Allungamento con fissatore esterno circolare

Allungamento con fissatore esterno circolare 

E’ la tecnica che personalmente preferisco perché si può gestire qualsiasi deformità e controllare la rigenerazione ossea con manovre di compressione distrazione in caso di atrofia del callo osseo.

Cosa che con la maggioranza dei chiodi endomidollari non può essere controllata.

La velocità di allungamento è di circa 0.50-0.75 mm ogni livello di osteotomia. I livelli possono essere 1 o 2, in questo secondo  caso la velocità si raddoppia, con un totale di 1-1.5 mm al giorno di allungamento.

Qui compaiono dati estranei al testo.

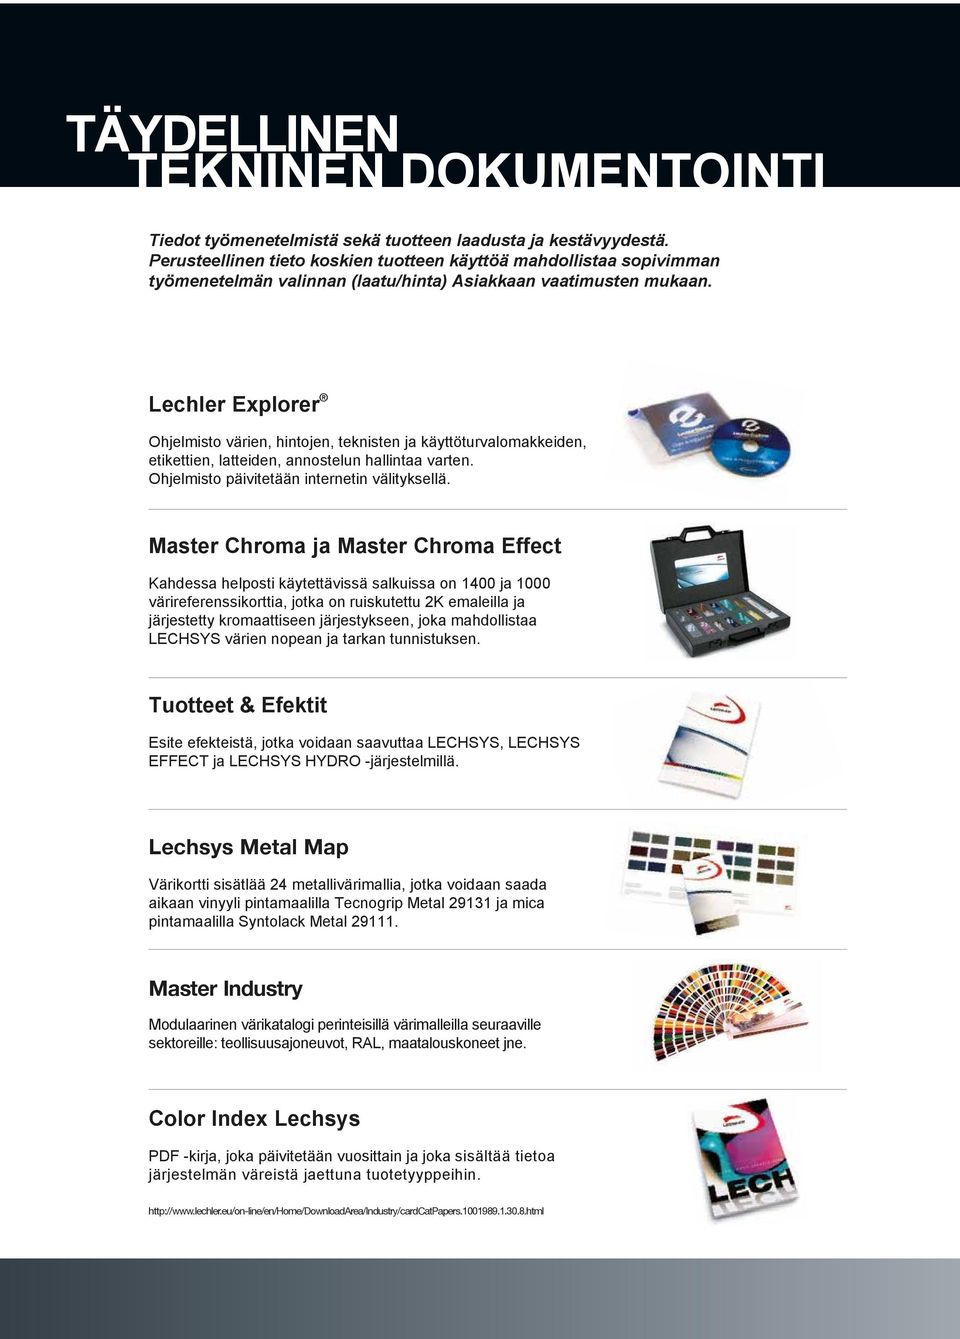 Lechler Explorer Ohjelmisto värien, hintojen, teknisten ja käyttöturvalomakkeiden, etikettien, latteiden, annostelun hallintaa varten. Ohjelmisto päivitetään internetin välityksellä.

Il fissatore viene mantenuto sulle gambe sino a consolidazione avvenuta; in totale il tempo di allungamento è di circa 100 giorni e la consolidazione avviene, di solito, in altri 5-6 mesi

Durante il periodo di allungamento è necessario caricare con stampelle e praticare molta fisioterapia alle caviglie, piedi e ginocchia per evitare la contrattura del piede in equino e la flessione del ginocchio. Infatti, mentre l’osso è collegato al fissatore esterno e viene allungato, i muscoli tendono a rimanere della stessa lunghezza se non sottoposti ad esercizio (come per le ballerine che, all’inizio della carriera non sanno fare la spaccata me ci riescono poi con esercizio).

Anche questo è più difficile da gestire in caso di chiodi endomidollari.

Anche se in teoria si potrebbe anche caricare pienamente già da subito, all’inizio è consigliato caricare parzialmente con stampelle. Alla fine dell’allungamento e durante il periodo di stabilizzazione il carico viene maggiormente tollerato e nell’ultimo periodo si può caricare senza stampelle.

Rimosso il fissatore , si applicano dei tutori leggeri per proteggere l’osso neoformato; il recupero sportivo, di solito, dopo 6 mesi dalla rimozione.

Nella esperienza dei casi trattati il recupero comporta una atività uguale a quella precedente

Leg lengthening allungamneto gambe

Leg lengthening allungamneto gambe

Disegno dell’apparecchio per allungamento gambe 

Fissazione dell’osso con qualche filo di acciaio e fiches (lunghe viti) di titanio a acciaio.

Due livelli di interruzione ossea alla tibia ove verrà eseguito l’allungamento; una interruzione a livello del perone

FISSATORE ESTERNO TIBIA

RX allungamento tibie con fissatore esterno

Complicazioni possibili: 

  • Necessità di allungamento del tendine di Achille se la contrattura del piede non si risolve con la fisioterapia. Questa è comunque una procedura frequente (circa 80% dei pazienti) e si considera come una implicazione del trattamento. L’allungamento, di solito, diventa necessario dopo 4-5 cm di allungamento e nell’intervento si fissano temporaneamente i piedi per evitare la recidiva; il montaggio dal piede viene rimosso al termine dell’allungamento e la fisioterapia viene ripresa.
  • Infezione superficiale dei fili e fiches: non è mai stato un problema negli allungamenti estetici e si risolve con trattamento locale con antibiotici in polvere o antibiotici orali
  • Ritardo di formazione ossea: è realmente l’unica complicazione durante il trattamento e per questo è necessario monitorare la rigenerazione ogni 3-4 settimane, intervenendo eventualmente rallentando o fermando il ritmo di allungamento per qualche giorno o eseguendo una manovre di accorciamento temporaneo per poi riprendere l’allungamento con un ritmo rallentato
  • Deformità dell’osso rigenerato: vengono facilmente corrette con applicazione di snodi esterni senza necessità di procedure invasive
  • Problemi neuro vascolari: ipoteticamente possibili ma mai avvenuti in pazienti sottoposti ad allungamento estetico

Tutte queste complicanze tranne l’infezione superficiale delle fiches/fili possono svilupparsi anche con i chiodi endomidollari ma nel caso della fissazione esterna sono meglio gestibili.